▸ **Task objective**: Every entry below should come back unchanged, except that the pictures are dropped.
Material supplied section start
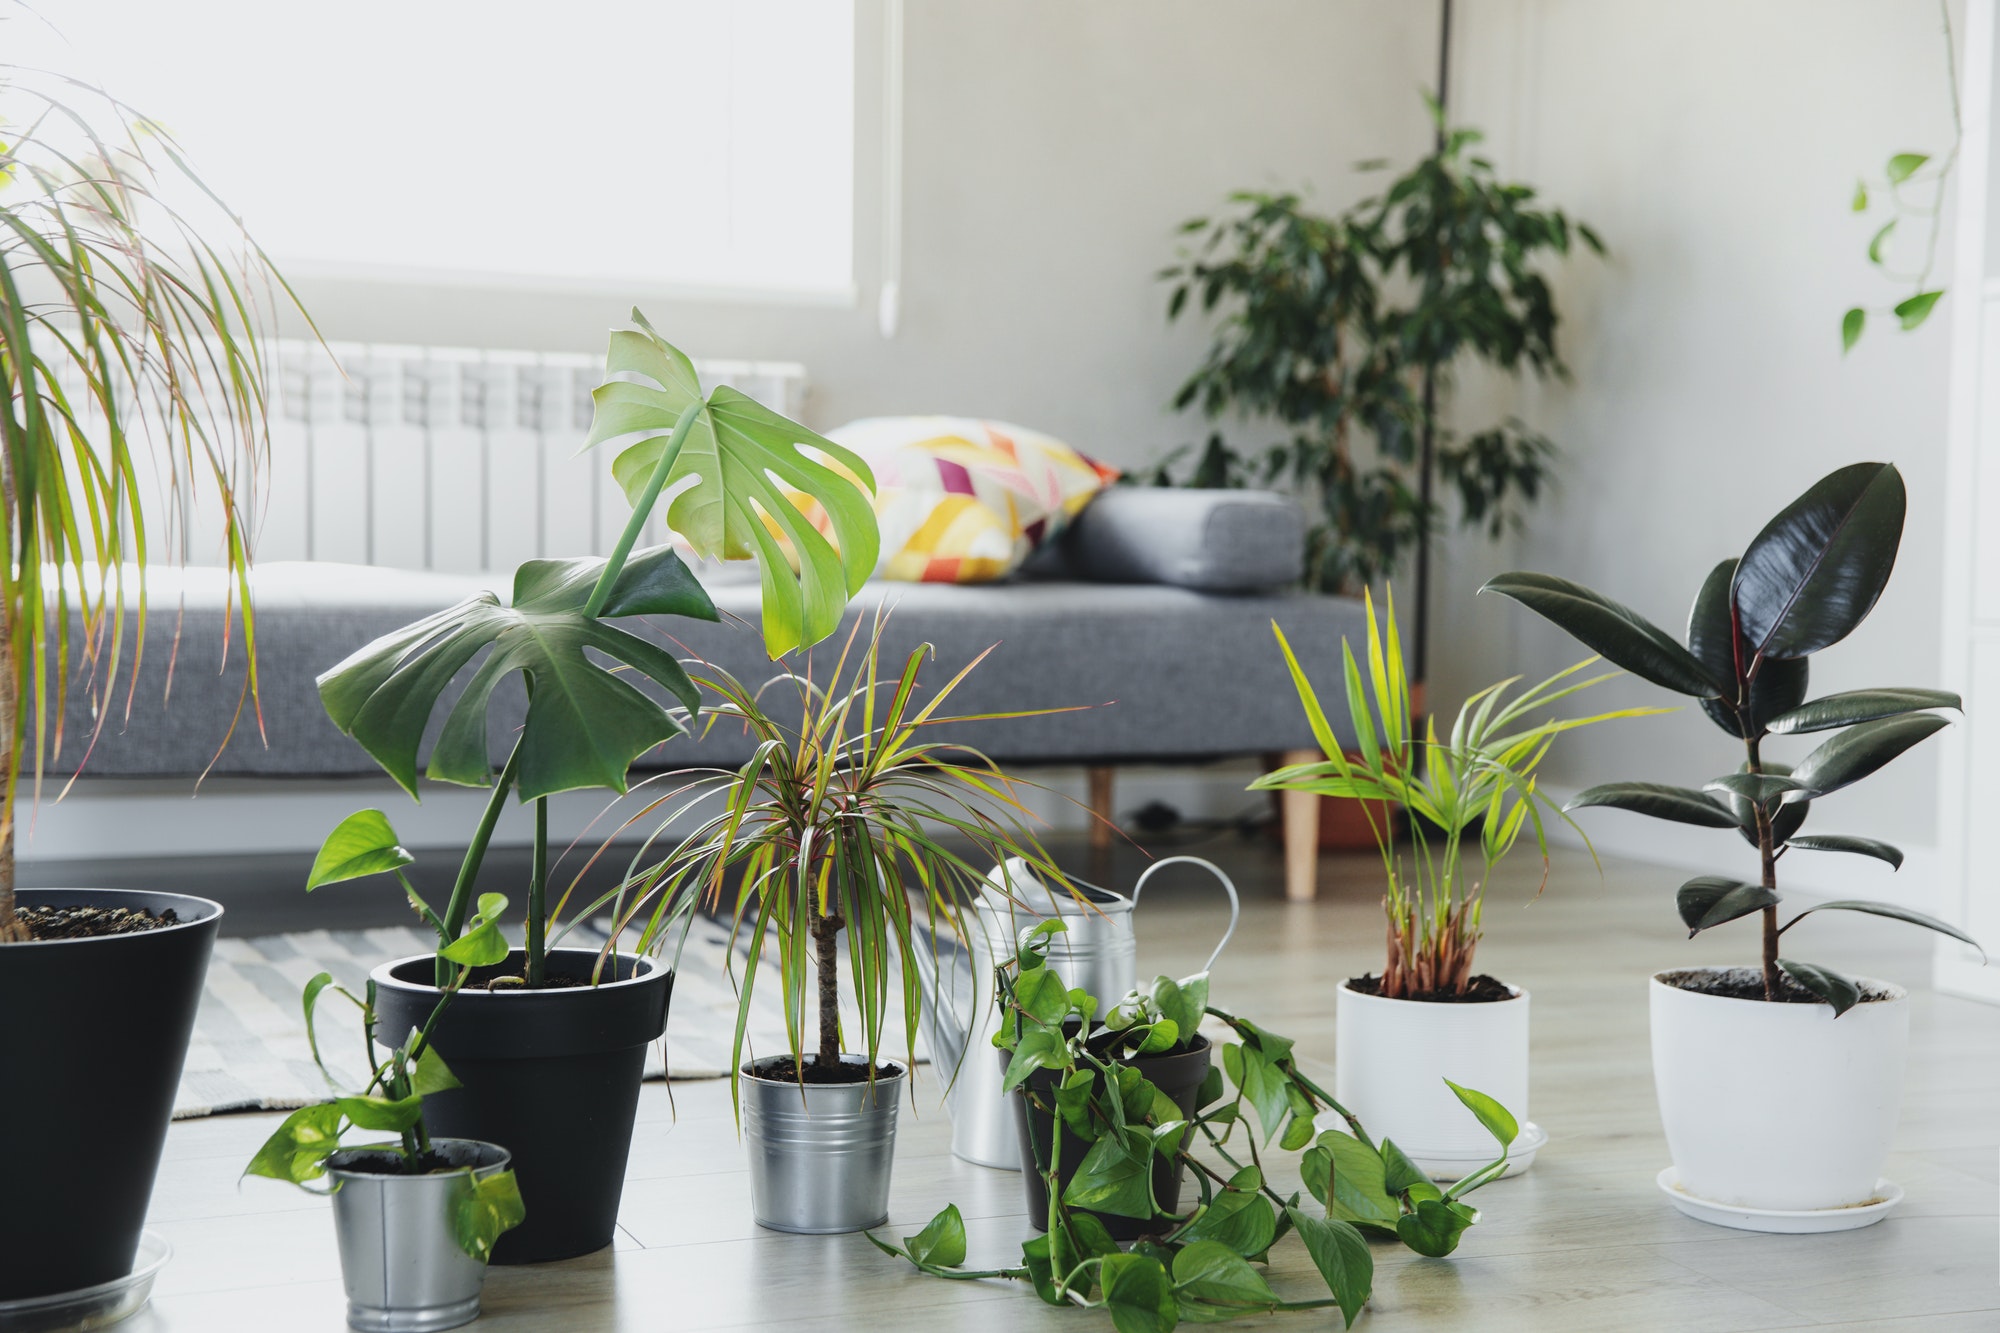 Collection of various tropical green plants in different pots indoor
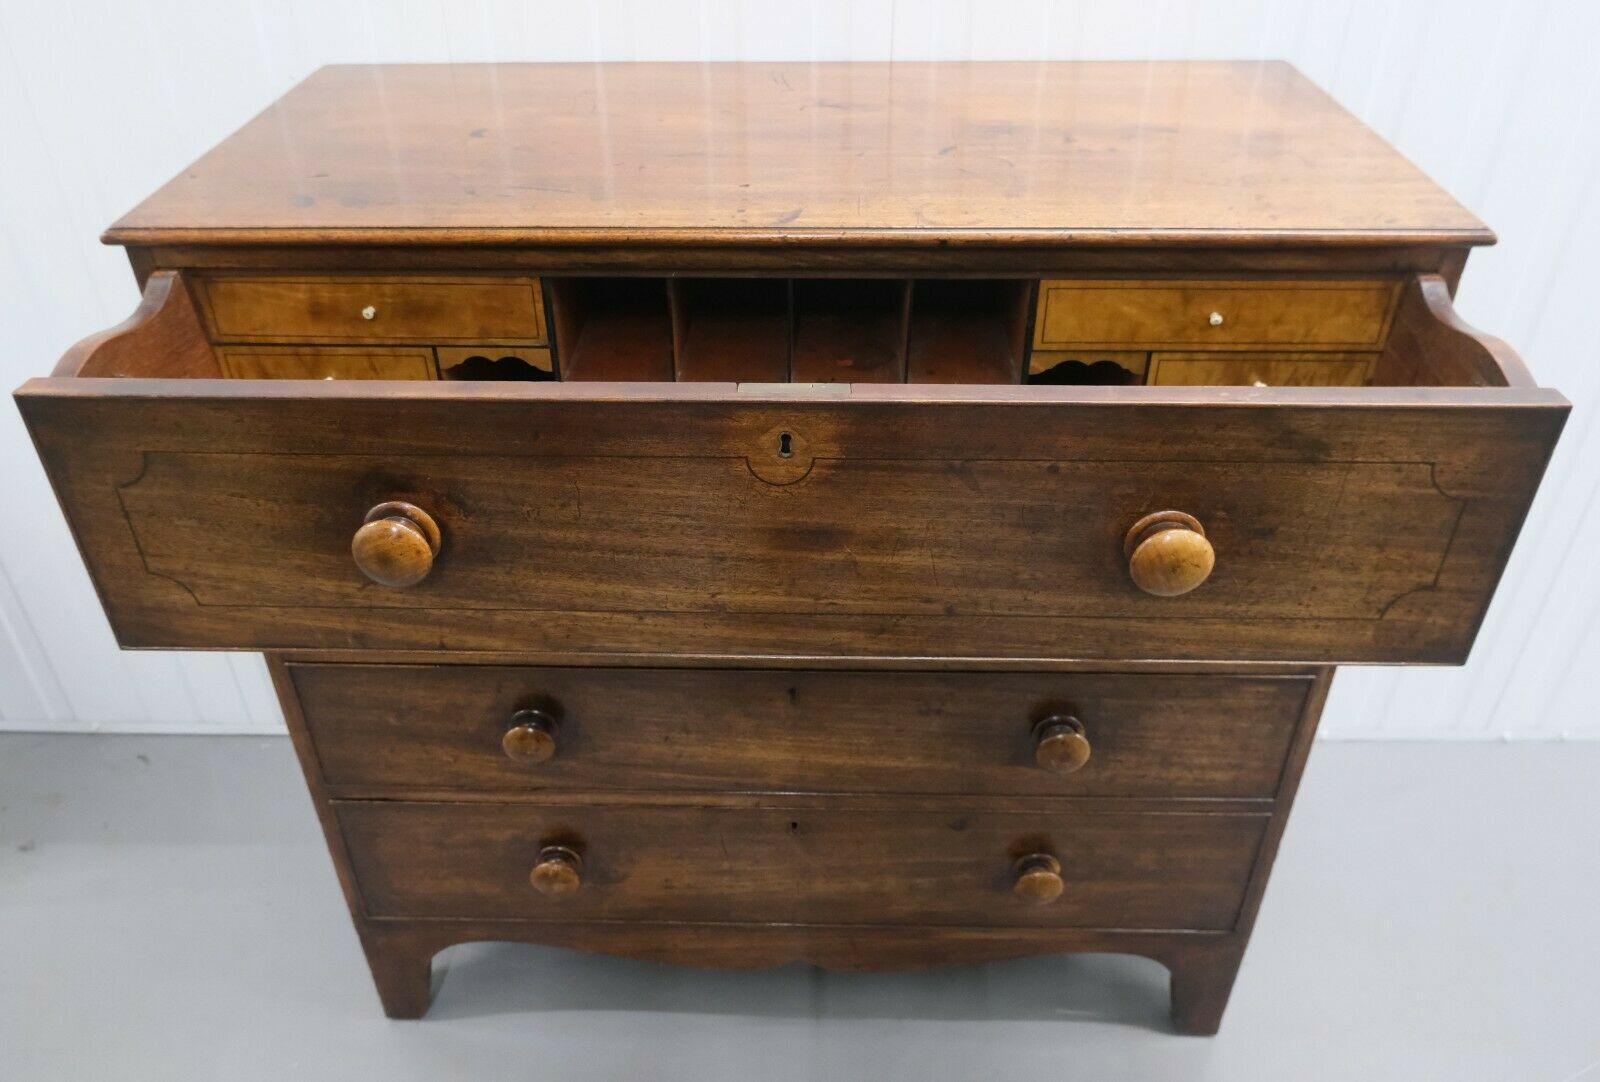 Victorian 19th Century Hardwood Secretaire Chest of Drawers with Revealing Fitted Interior
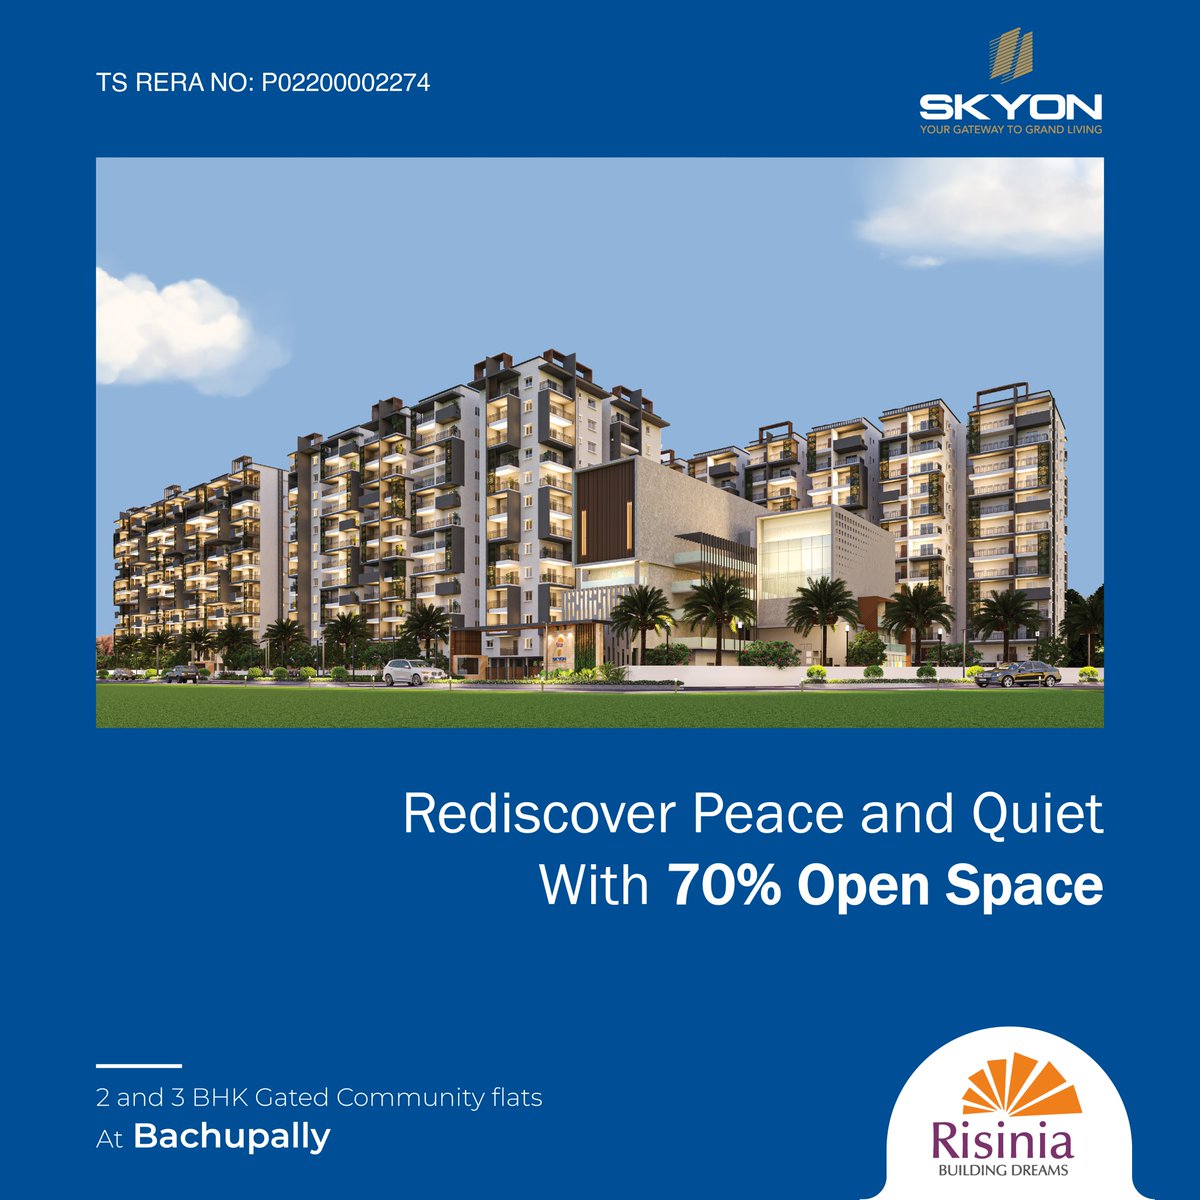 This paradise on earth comes with 70% open space for you to indulge your spare time enjoying the vast open that surrounds you.
.
#risinia #risiniabuilders #risiniaskyon #2bhkflats #3bhkflats #openspace #spaciousflats #spaciousapartments #luxuryliving #ExclusiveProperties
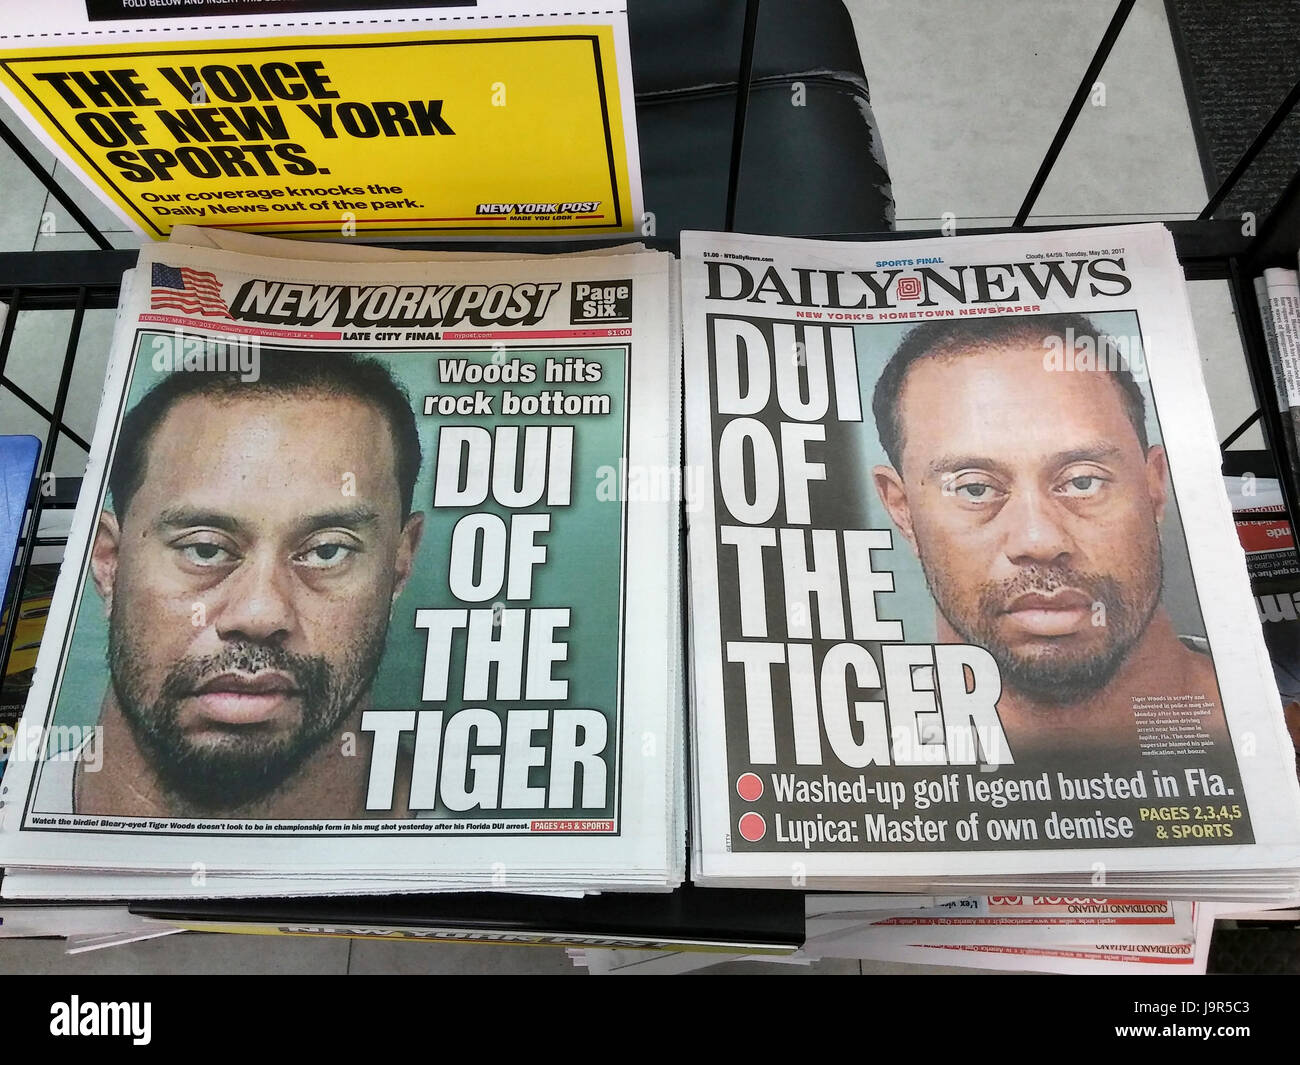 The New York Daily News and the New York Post on Tuesday, May 30, 2017 use identical headlines and the Palm Beach County Sheriff Department's official mugshot in their coverage of golfer Tiger Woods' arrest allegedly for DUI..  (© Richard B. Levine) Stock Photo
Material supplied section end
▸ **The answer**:
 Collection of various tropical green plants in different pots indoor
 Victorian 19th Century Hardwood Secretaire Chest of Drawers with Revealing Fitted Interior
 This paradise on earth comes with 70% open space for you to indulge your spare time enjoying the vast open that surrounds you.
.
#risinia #risiniabuilders #risiniaskyon #2bhkflats #3bhkflats #openspace #spaciousflats #spaciousapartments #luxuryliving #ExclusiveProperties
 The New York Daily News and the New York Post on Tuesday, May 30, 2017 use identical headlines and the Palm Beach County Sheriff Department's official mugshot in their coverage of golfer Tiger Woods' arrest allegedly for DUI..  (© Richard B. Levine) Stock Photo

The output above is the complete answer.